玄衣人微微点头。
“区区一个云某,值得你们出动这么大阵仗?”云欢顿觉头皮发麻,一个弃鬼已经让他疲于奔命,现在又多了一支训练有素的藏弓杀手队伍,这叫他如何招架得住?
玄衣人肃然道:“阁下过谦了,能从息神山逃出生天的人,我相信绝非泛泛之辈,就是朱雀玄武亲自出马也不为过。”
此人竟也知道息神山之事?云欢心里一动——想必藏弓也参与了那一战,更或许,那九人中,也有藏弓的高手?
“请把我儿子还给我。”云欢定了定神,微微抬起剑尖,指向玄衣人。
玄衣人枯瘦的手轻轻摩挲着婴儿的小脸:“我若说不呢?”
“那你会死。”云欢冷冷扫了他一眼,又朝向另一边还跪在地上喘气的铁面人,“你也是。”
玄衣人目光落在云欢手里的剑上。剑尖已有一小团雪花在悄然飞旋,他知道,这柄剑刺过来的时候,这一小团飞雪会席卷成可怕的雪暴,扬起的每一粒雪屑都将变成杀人于无形的利刃!
没有人敢轻视南海剑仙创下的绝世剑法。
但是玄衣人忽然笑了,丑陋的脸上,那笑容简直比哭还难看。
“我知道南海剑十道威力惊人,可你已经受了不轻的伤,炁海虚浮,你的剑法最多也只能发挥出两成实力。”玄衣人笑道,“云欢,你唬不了我的,想救你孩子,就老老实实告诉我往生咒在哪儿吧。”
云欢摇了摇头:“为什么你们都认为我知道往生咒的下落?”
玄衣人有些诧异地看着他,半晌,仿佛自言自语一般地说了一句:“所有人都知道,往生教主只可能把它传给你。”
说这话的时候,他的眼睛里折射着狂热自信的光。云欢不禁打了个冷战。
所有人都知道,所有人都这么认为。众口铄金,三人成虎,真相如何对大家来说已经不再重要。
若真如此,漫漫前路,他还要应付多少难缠的对头?他日渐虚弱的身躯还能护得两个孩子的周全吗?还有秋水微,这个无辜的女人,只怕也会受自己拖累吧?
李阔血淋淋的人头还在屋子里。
自己究竟还要连累多少人?
这一刻,三十多岁的男人动摇了——也许乖乖认命,要比挣扎着活下去要容易的多吧?
他看着玄衣人怀里的襁褓,神色惨然,竟有些提不起剑。
玄衣人脸上露出胜利的微笑,对铁面人使了个眼色,铁面人慢慢地走向云欢。
就在此时,一个悠然的声音从北边飘来:“暗夜坠大荒,飘雪凌白羽。今夜好一场大雪!”
玄衣人皱起眉,抬头朝北方望去。云欢听到这声音,却是精神一振。
不一会儿,一道白影飒沓而来,转眼逼近玄衣人,来势奇快。玄衣人下意识向后退避,不料对方脚下如风,,一下就到近前。

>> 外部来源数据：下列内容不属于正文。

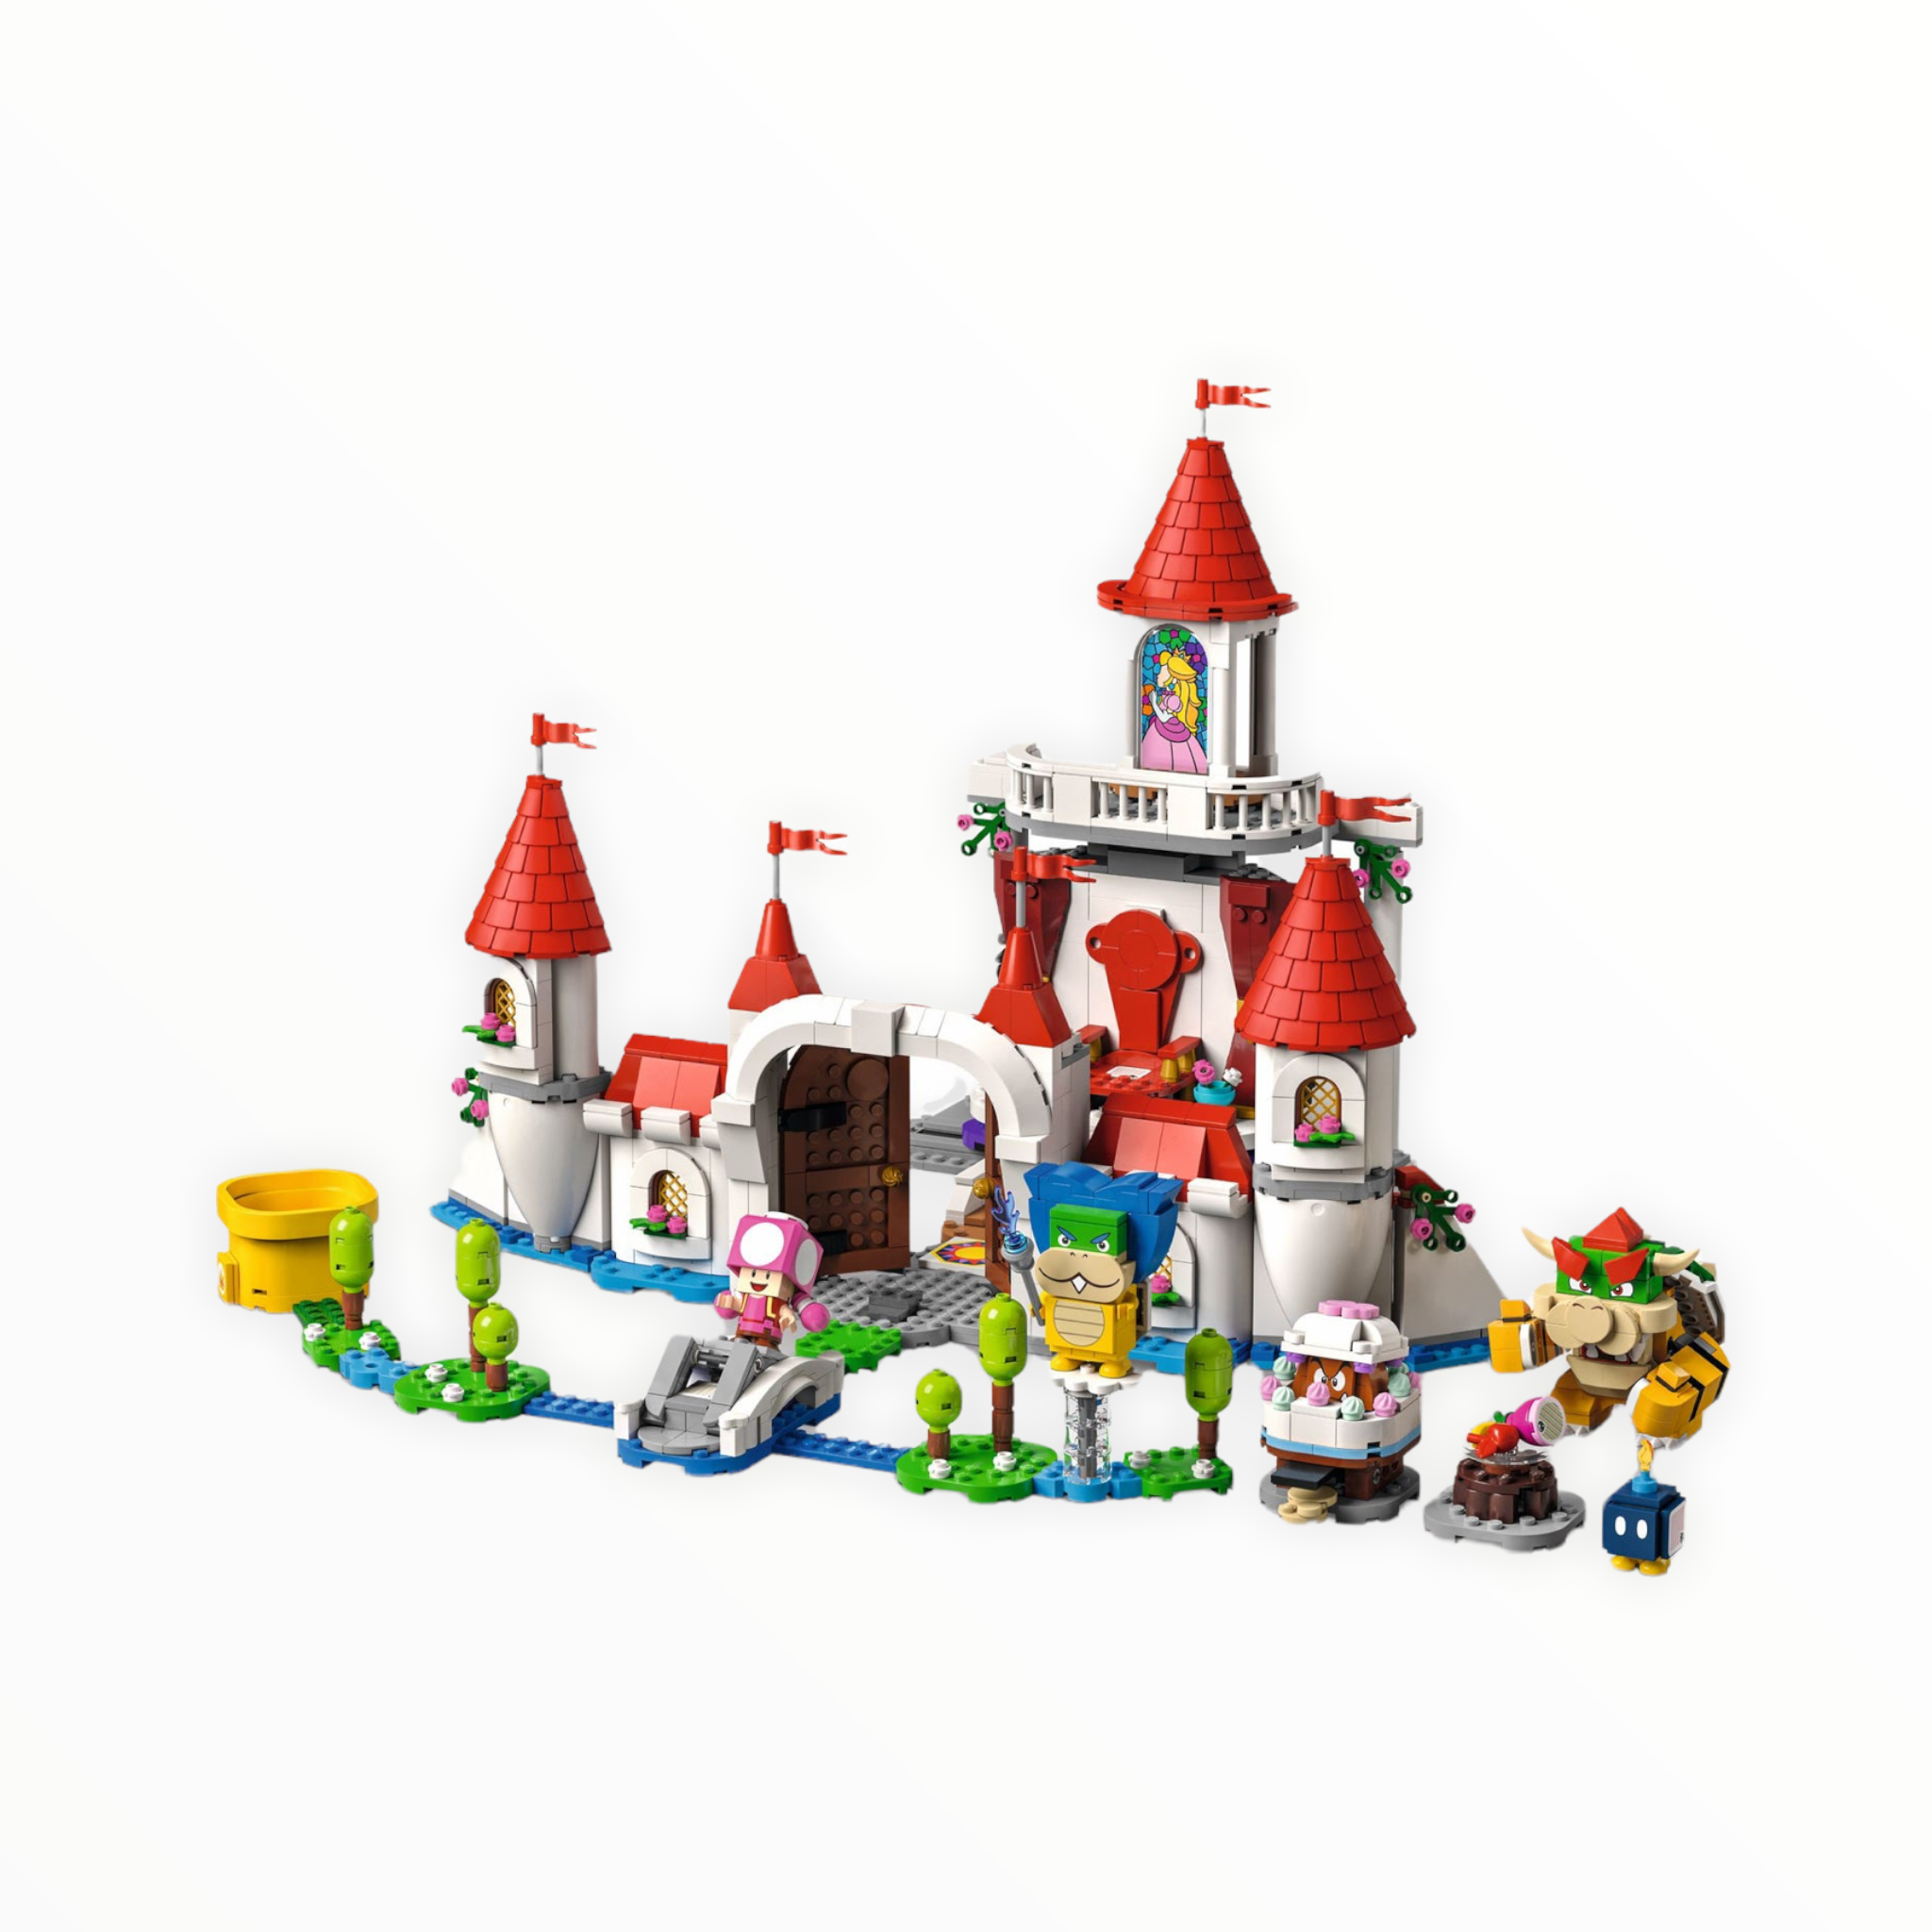 71408 Super Mario Peach’s Castle Expansion Set
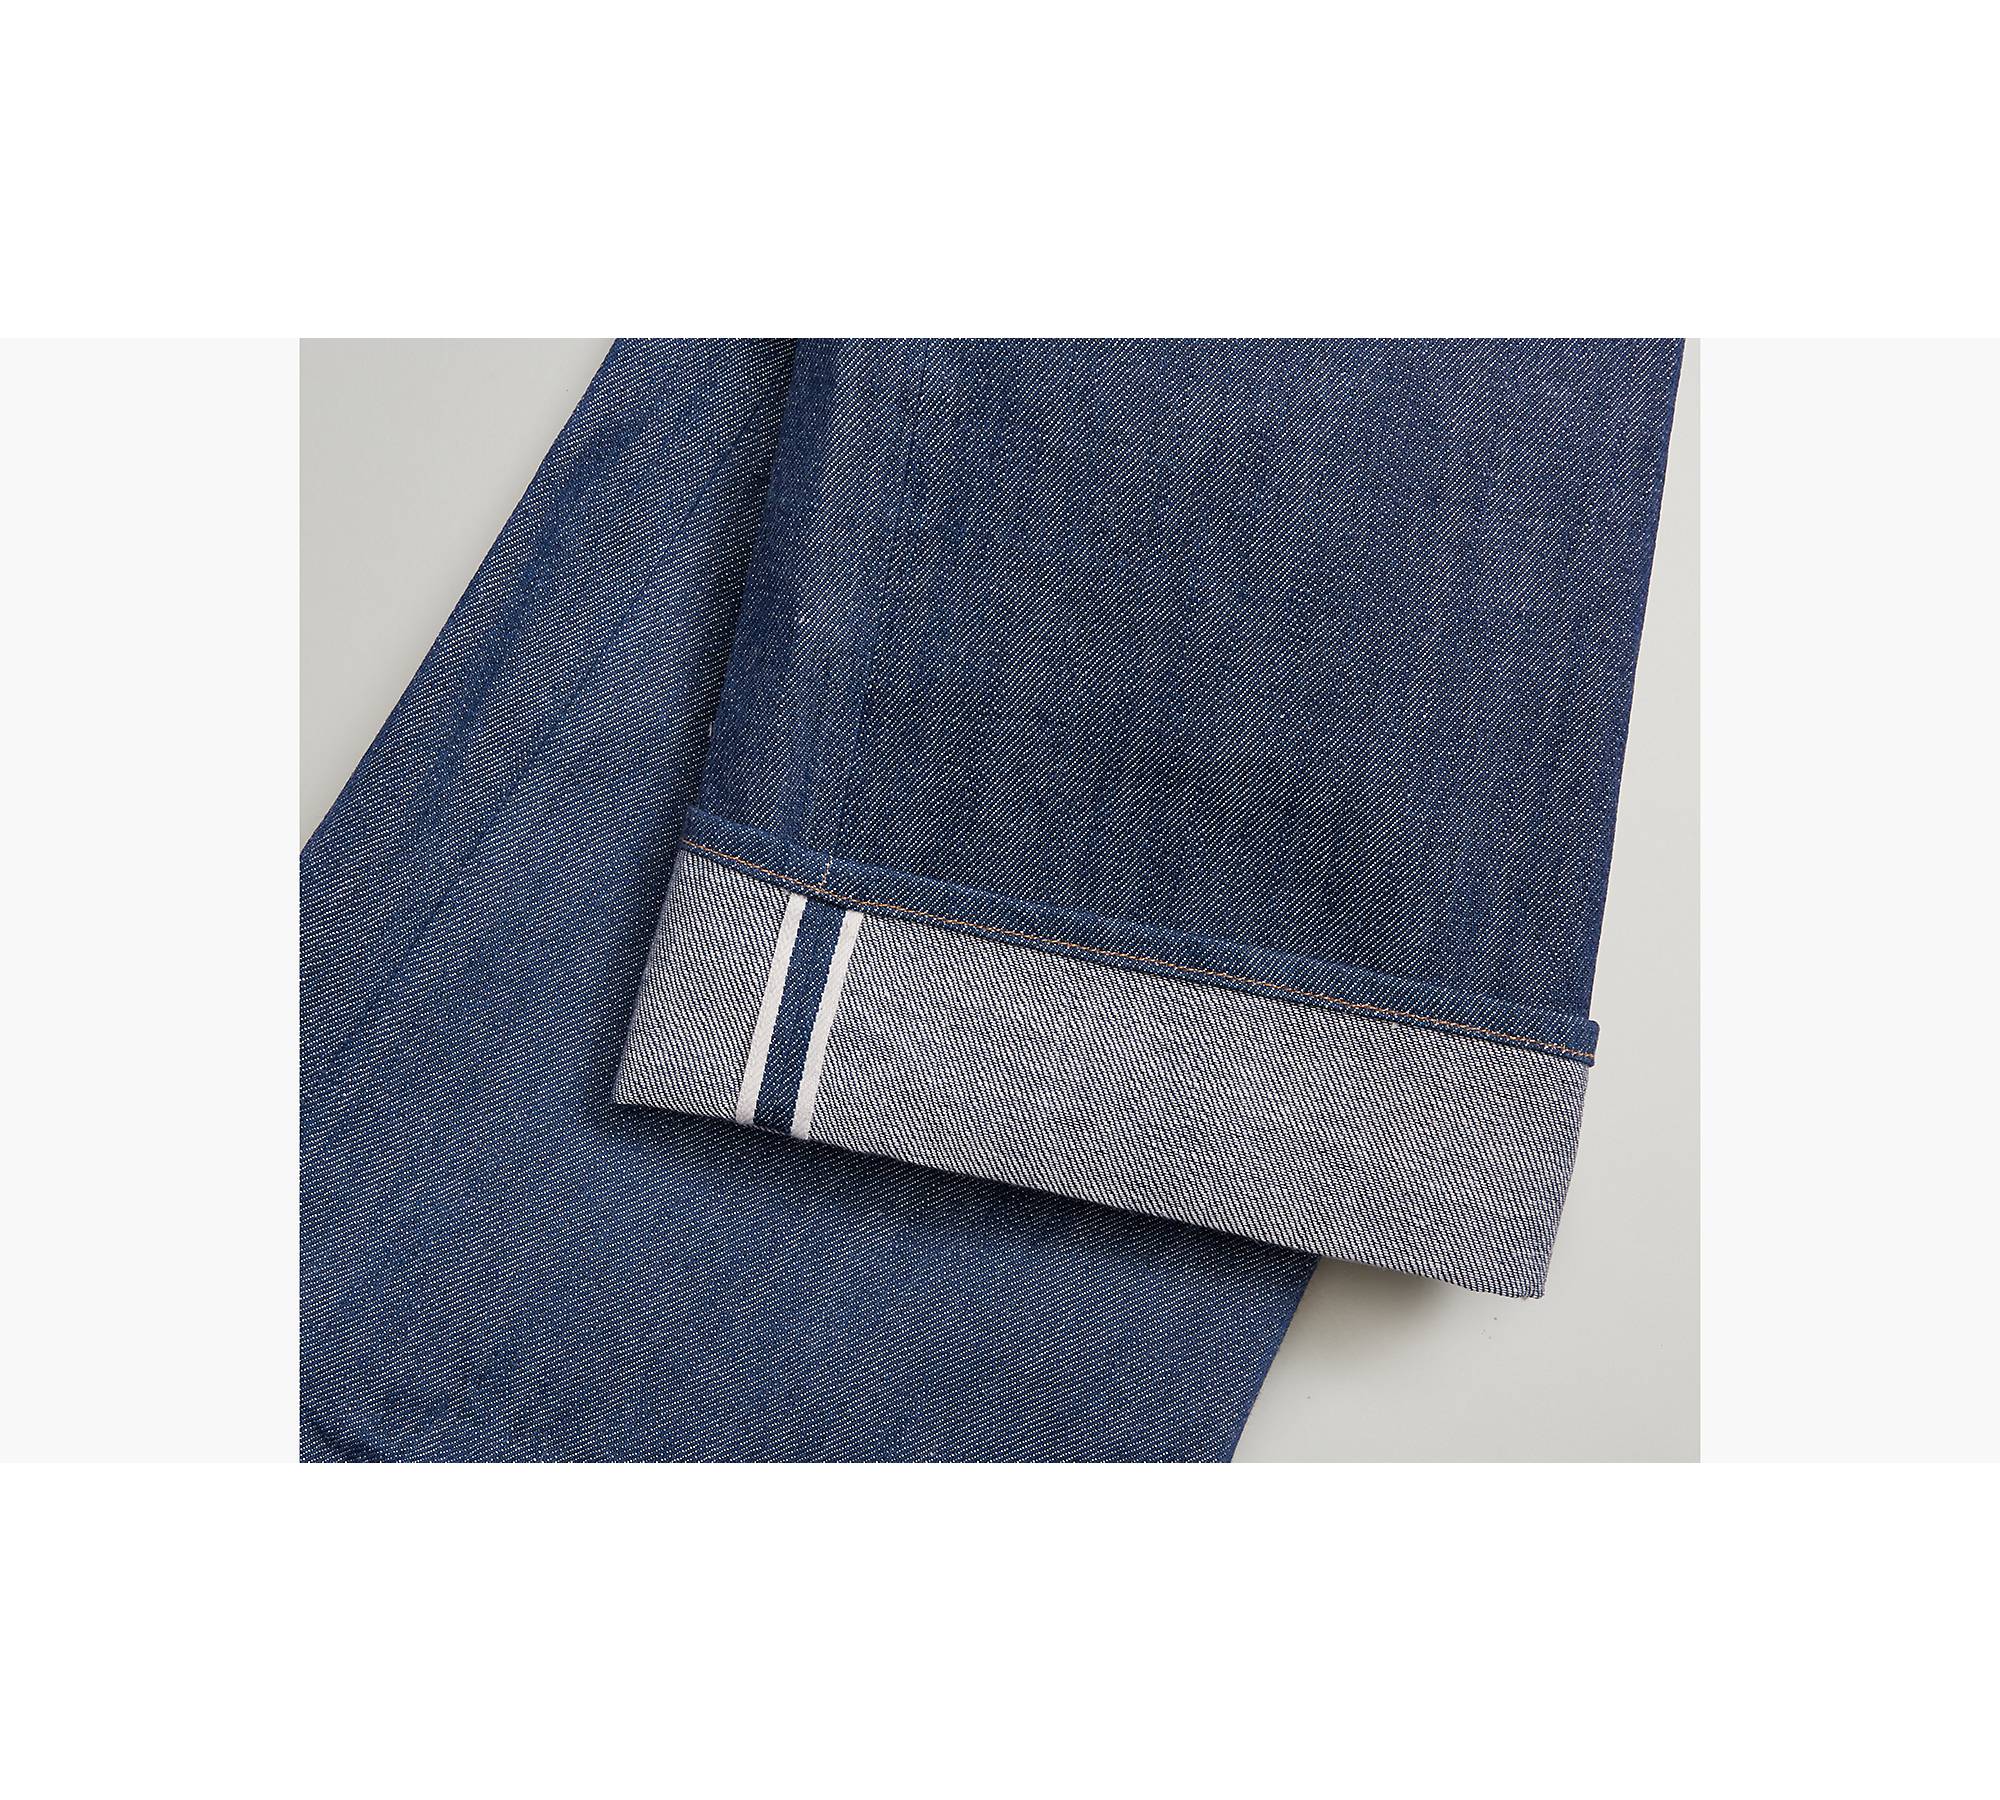 1890 501® Original Fit Selvedge Men's Jeans - Medium Wash

二人相距不过一尺,四目相对,玄衣人在对方眼中仿佛看见了森林万顷,惊觉对方炁场磅礴浩渺,犹如松涛层叠一般,心头顿生一丝怯意——四境木炁!
“舒先生!”云欢低低地叫一声,心头已是无限惊喜。因为来人正是“穷书生”舒卷!
“接招!”舒卷断喝一声,食指中指并起,点向玄衣人眉心。玄衣人猛一跺脚,身前蓦地雪花翻腾,汇聚成一道漩涡,挡住对方二指。
但他立刻感觉到眉心一阵微微的刺痛——舒卷指力竟如此惊人,毫不费力就破了他的潜河屏障!骇然之下,他急往后退。然而,对方两指始终不离他眉心,眼见指尖便要破脑而入,却有一道赤芒突然自对方侧面袭来,正是铁面人见同伴势危,奋力掷出一枚“火琉璃”解围。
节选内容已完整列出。